Physics 341: Quantum Mechanics

Like all sciences, physics is a cycle of experimental observation and theoretical explanation: observation motivates proposed explanations which predict further observations whose confirmation or refutation informs refinements of the explanations… As far as we know, Quantum Mechanics provides the most exact theoretical structure for modeling observed reality, though its non-classical, probabilistic tools are typically necessary (and tractable) only for fundamentally simple, relatively isolated, and usually small systems. More than any other subject, Quantum Mechanics forces us to recognize that the best any science can promise is a theory that models measurements of nature; in Quantum Mechanics, our speculations on how nature behaves outside of measurements can be famously unsatisfactory. This course is challenging on both mathematical and conceptual fronts – you will employ new mathematical tools that will lead to decidedly non-classical results.

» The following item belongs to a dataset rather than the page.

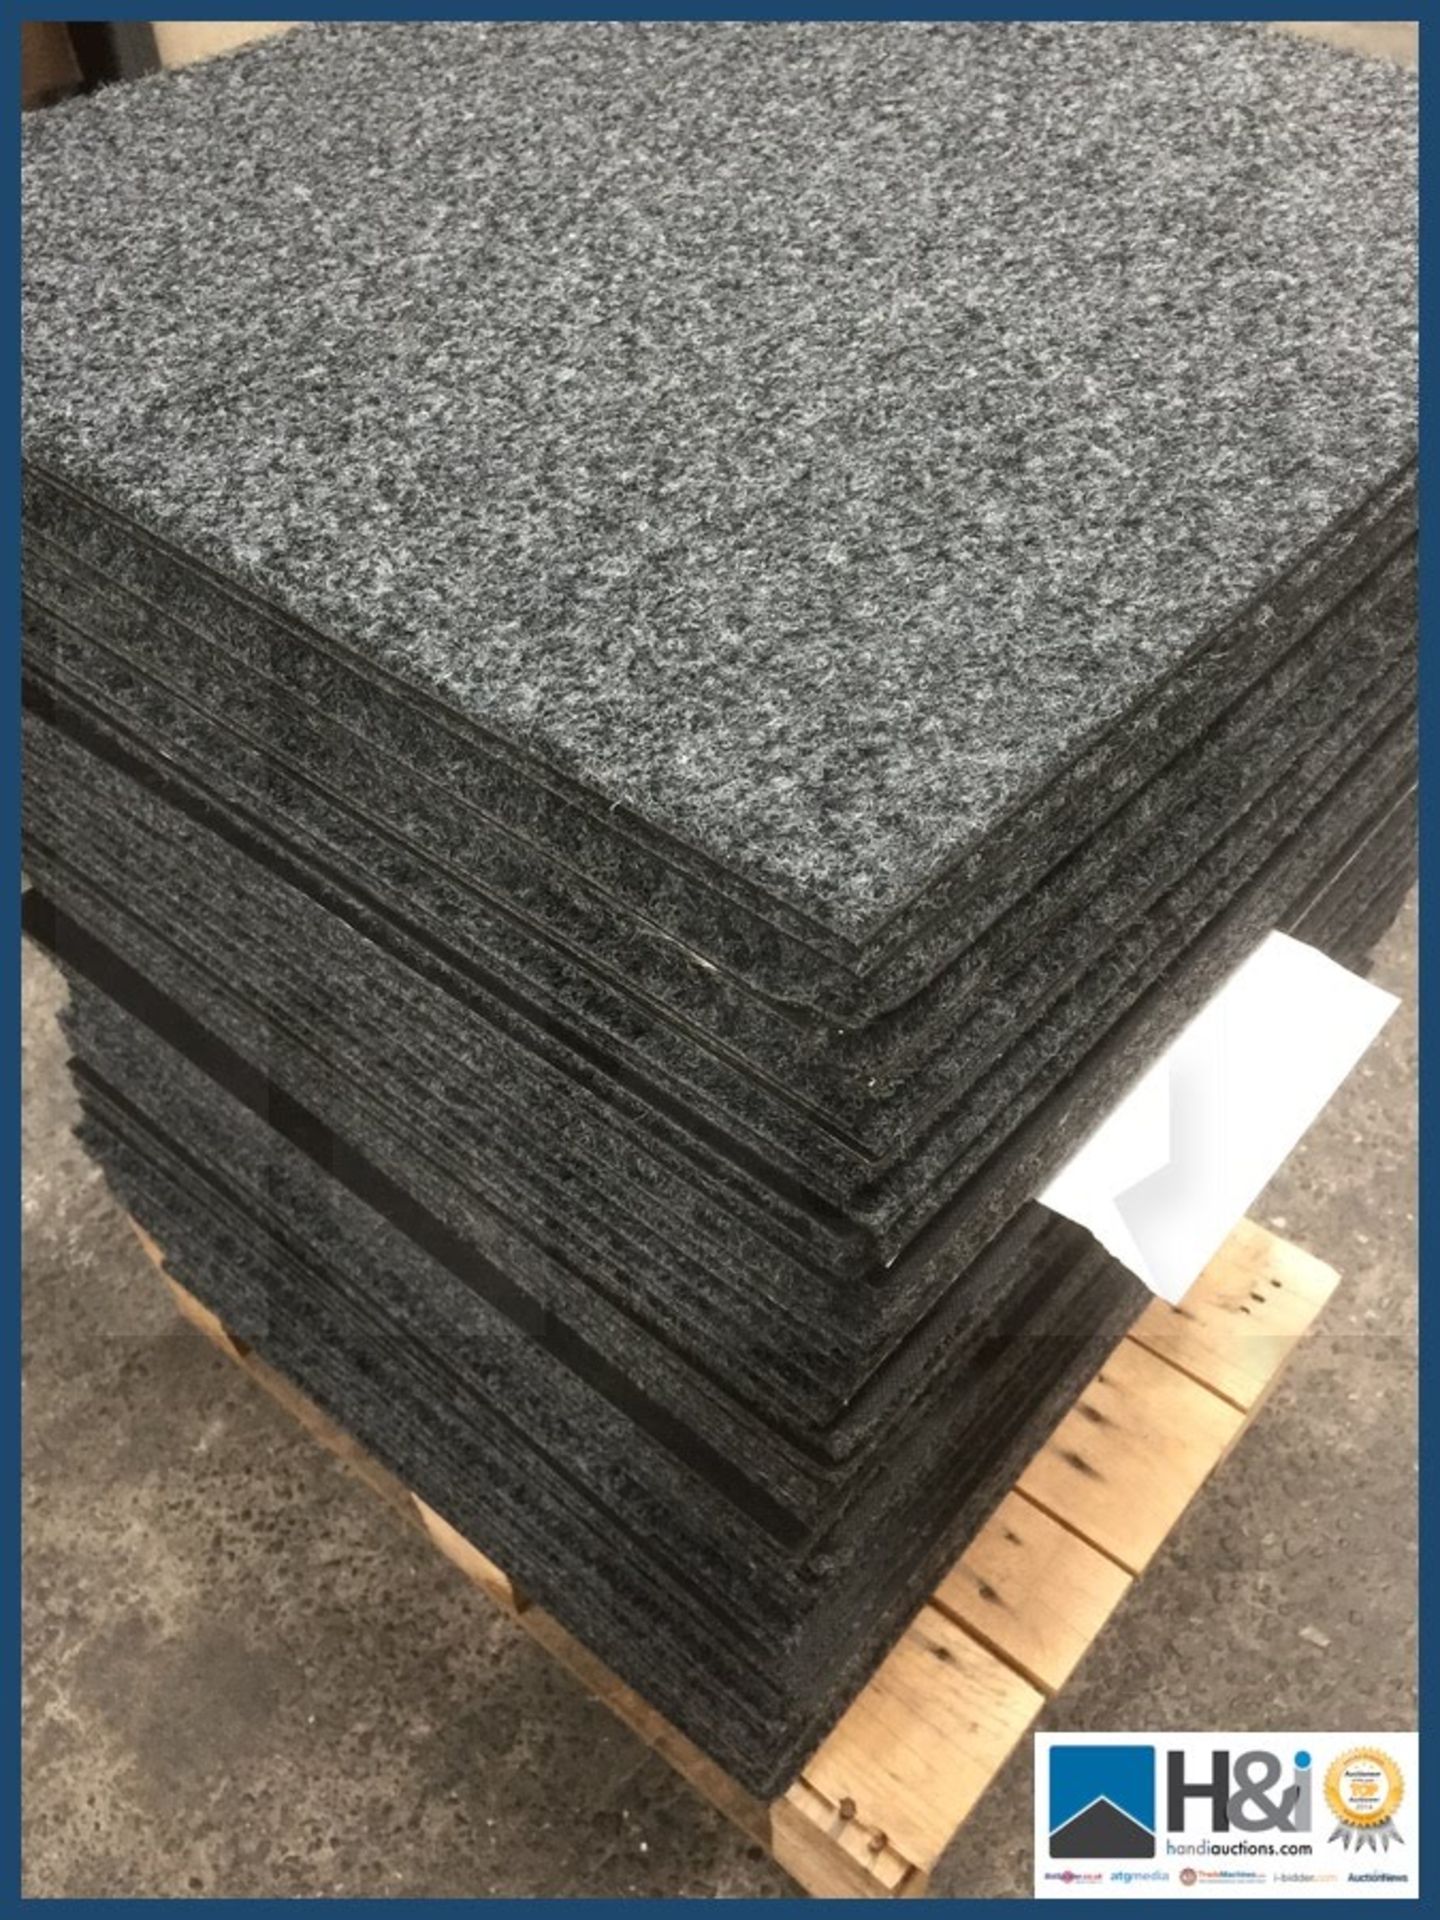 Burmatex contract carpet tiles. Design:Rialto. Colour:Charcoal Grey. 80 tiles total 20m2. RRP GBP 40 - Image 2 of 4

Lecture: MWF 11:00 - 12:20; AHoN 117 |
Instructor: Eric Hill |

Office Hours: M 2:30-3:50, Th 9:30-10:50 (if these don't work for you, check my complete schedule for other times I'm free) |
E-mail: eric_hill@redlands.edu |

Text: Introduction to Quantum Mechanics, Griffiths 2nd Ed |
Office: AHoN 127 |

Phone: ext. 8659 |

## Goals

It goes without saying that you’ll deepen your understanding of quantum mechanics and the appropriate techniques in this course. More generally, through this course you should continue to develop your rigorous problem-solving skills – conceptual, analytical, and computational. As they help you to solve complex problems, you’ll also hone your skills of communication as in clearly presenting your work. Thus, of the five major goals that guide our physics curriculum, developing experimental skills is the only one not served by this course.

**Course Schedule**(readings)**Homework****Policies and Expectations****Computational tools and tutorials**(thanks to Dr. DeWeerd for pulling these together)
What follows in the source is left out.